I’m sitting here in a soon to be populated community center in downtown Copenhagen with no great inspiration striking me for something to write today, feeling the
And thinking this might be as good a time as any to start on the swansong. It’s felt like an important process of discovering what sort of writer I am, from the high energy of the first iteration over the frustrations and blockages of iteration two, regret and self-recriminations of being too stressed out to participate in iteration three, until this purgatory shift where I’m able to repent my sins, make good on my promises, and explore something vital for me: writing with almost no feedback, collaborating with people who are gone, and making some conclusions. The code book is finally becoming useful here, as I can usually find some link to another writer having had similar thoughts as I’m writing them out.

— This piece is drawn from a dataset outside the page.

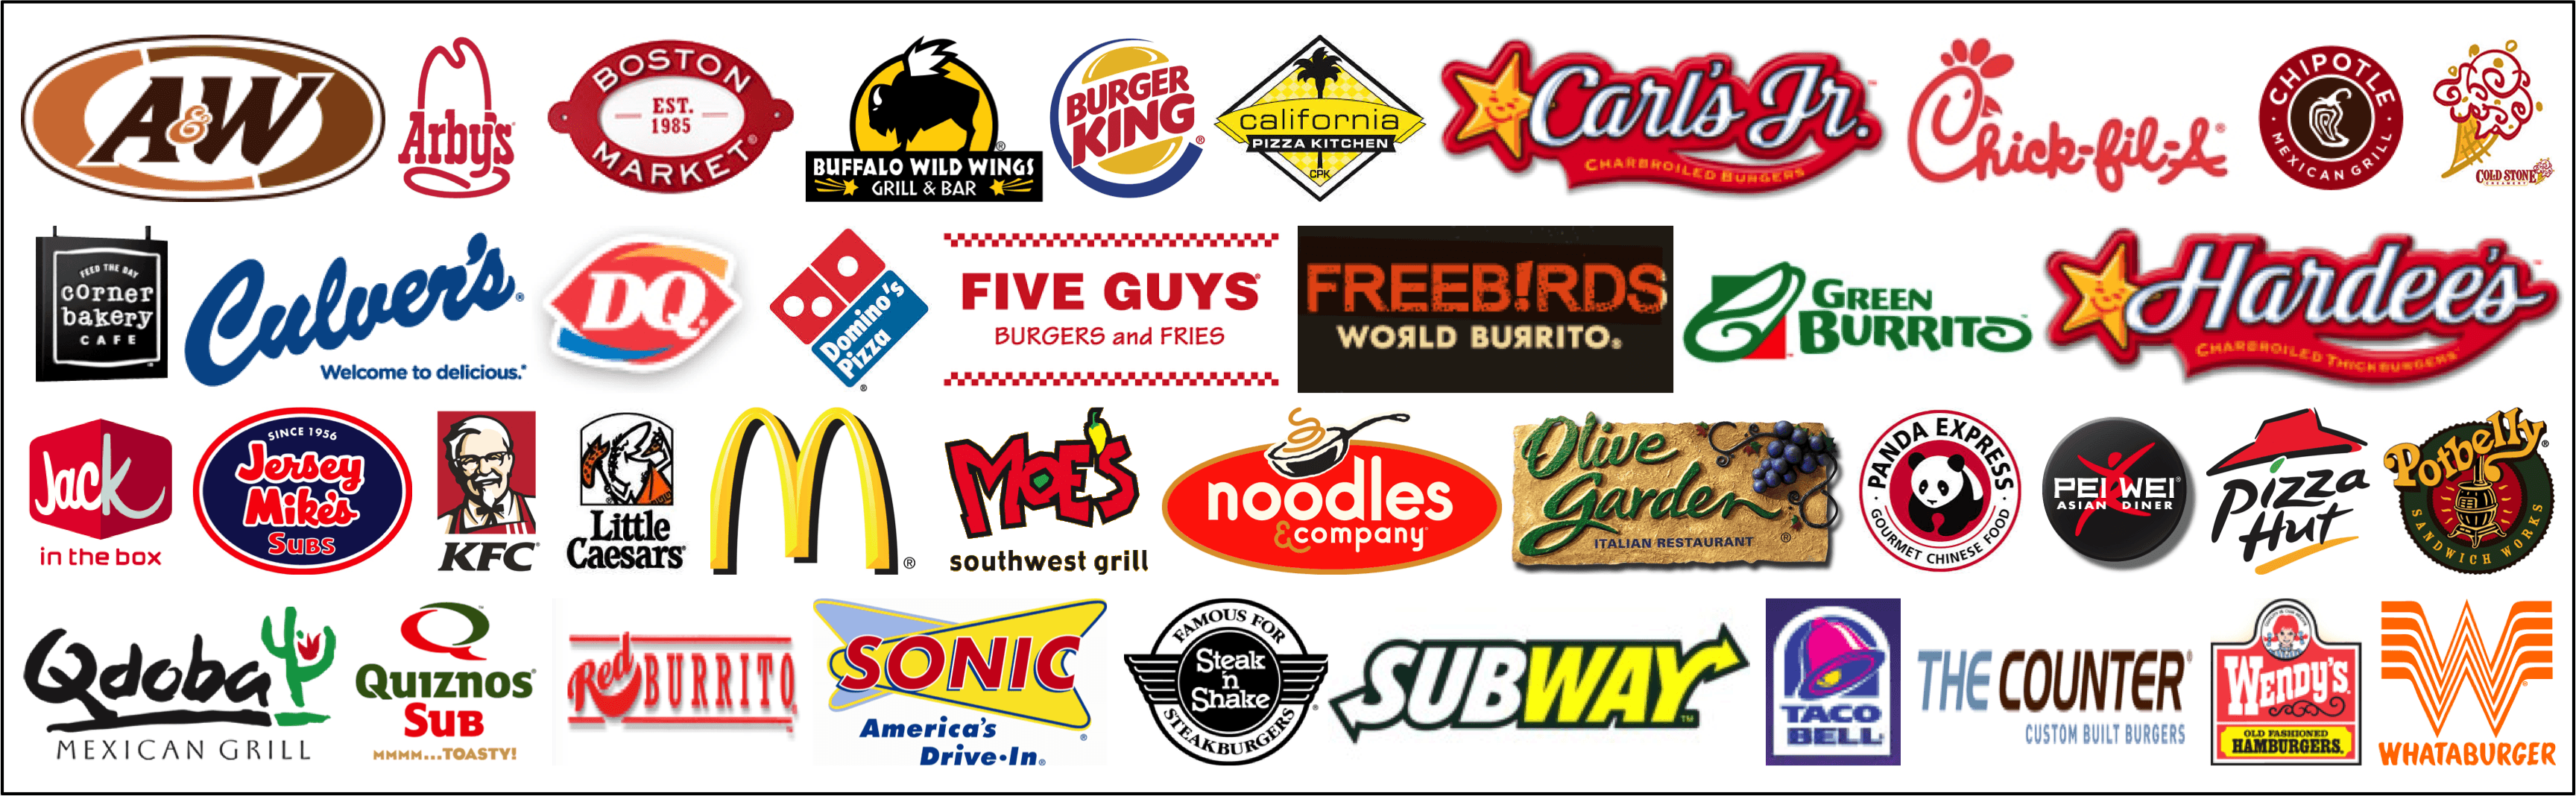 Popular Food Chains Logo - American Fast Food Restaurants - How many have you tried?

Especially the little feedback part is teaching me something about my ego: I’ve somehow entrained myself to write in service of receiving love, because I’ve only ever gotten positive feedback for it, whether it’s likes, you’re-so-brave style compliments or other stuff. It’s a particular style of mild Narcissism, and I’m very keen to understand it better, break the pattern, start writing for the passion of it. Being on Babel has made it possible for me to make some headway in that exploration, and I’m very grateful for that. Although I still don’t feel like I fully understand Narcissus. More work ahead on that point.
I’ve learned that I’m pretty good at exposition, especially when it comes to wild flights of fancy.
I’ve learned that I don’t have the first clue on how to write dialogue.
And I’ve learned that my highly specialized diet of SF makes me weirdly deficient in a lot of ways. I see everyone else’s writings and am often in awe of your ability to do things I haven’t the faintest idea how to pull off.